How to complete this task: Return exactly the lines of the data below, from the one that contains "RAL 075 50 20" through the final line, and leave out every picture.

Source data:
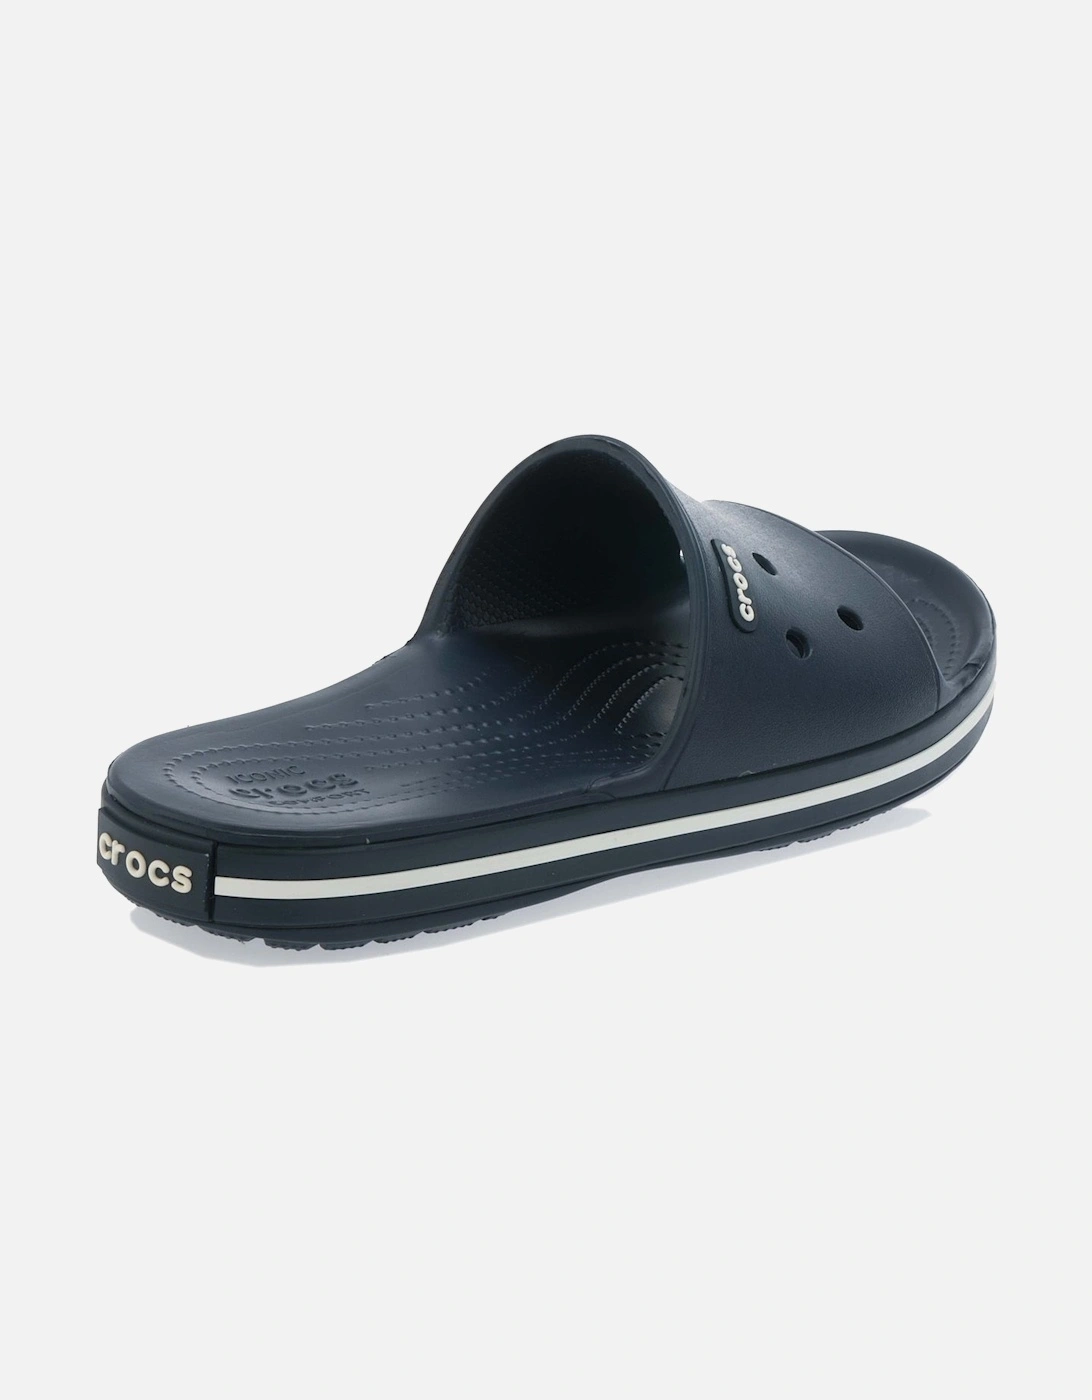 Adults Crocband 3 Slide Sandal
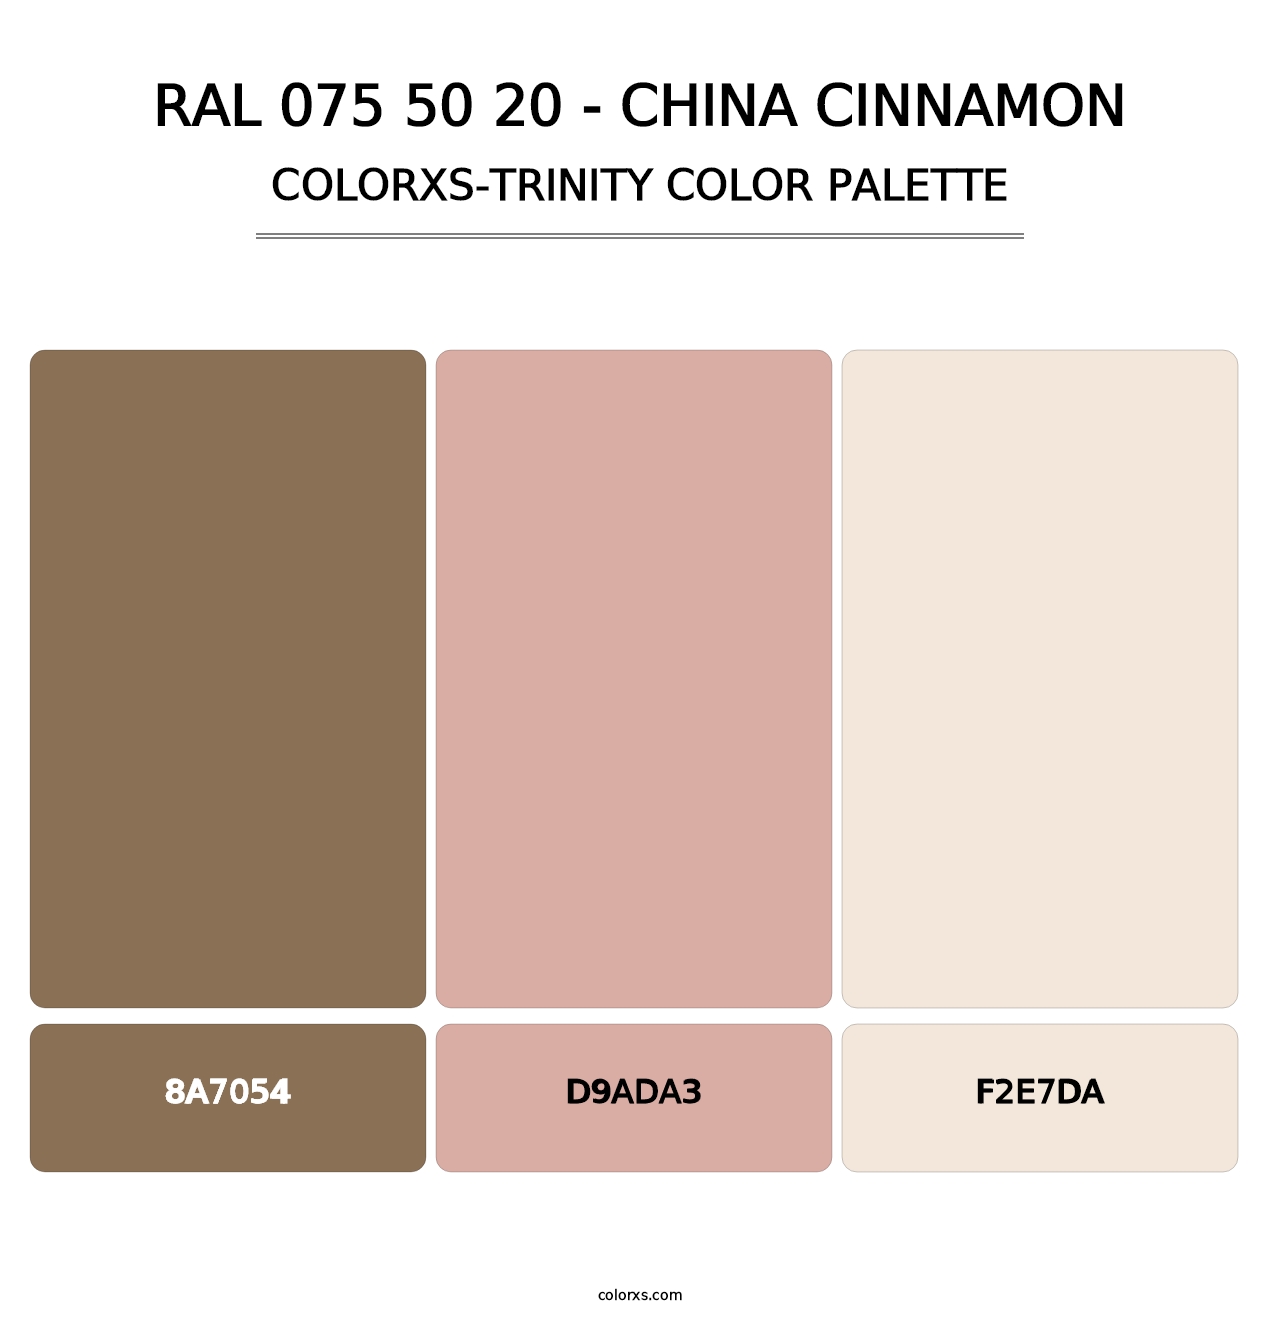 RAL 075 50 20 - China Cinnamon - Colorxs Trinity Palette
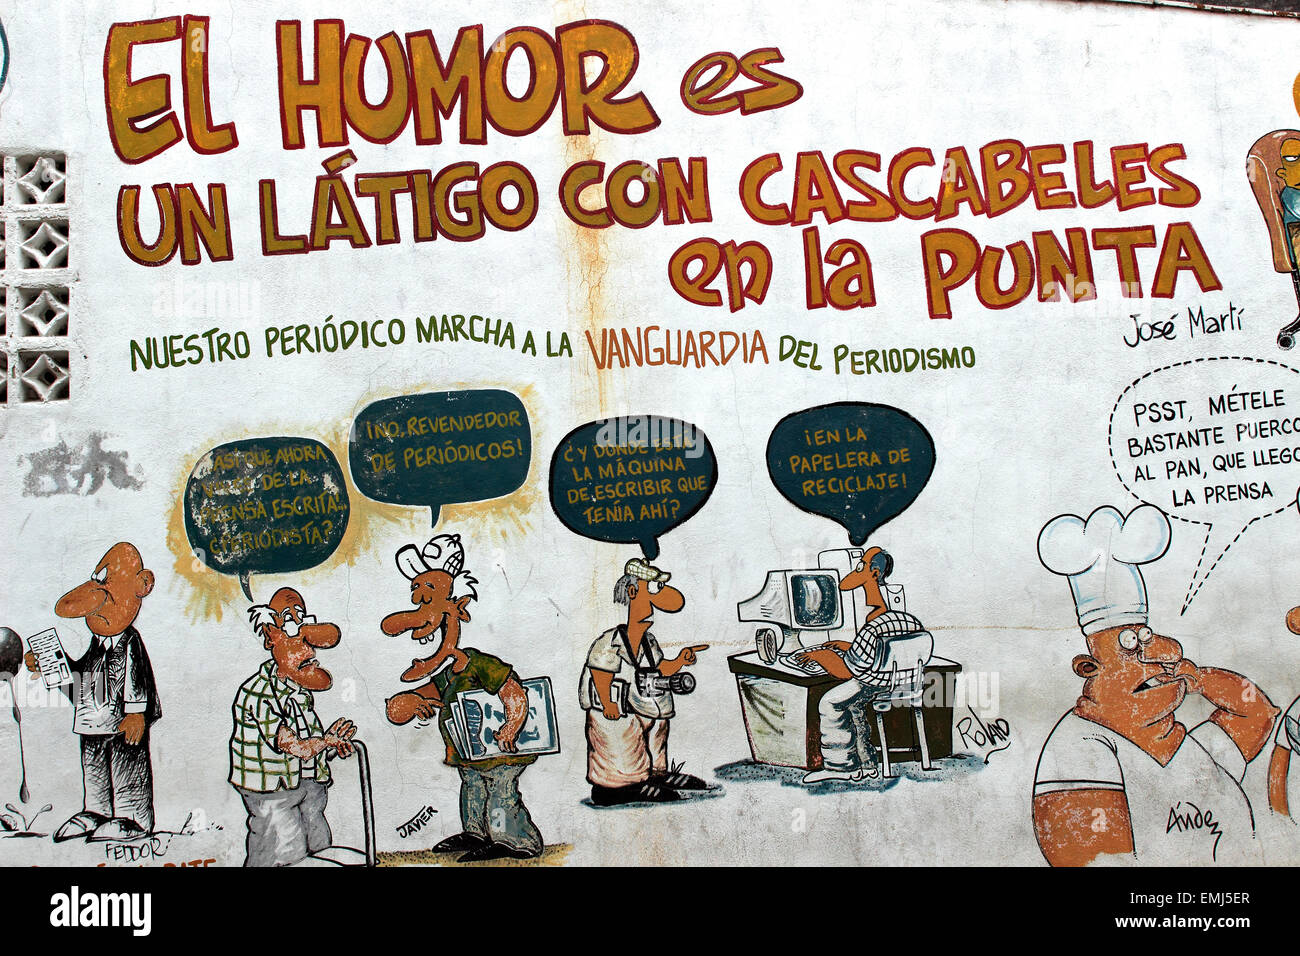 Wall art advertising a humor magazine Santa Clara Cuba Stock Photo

The answer:
 RAL 075 50 20 - China Cinnamon - Colorxs Trinity Palette
 Wall art advertising a humor magazine Santa Clara Cuba Stock Photo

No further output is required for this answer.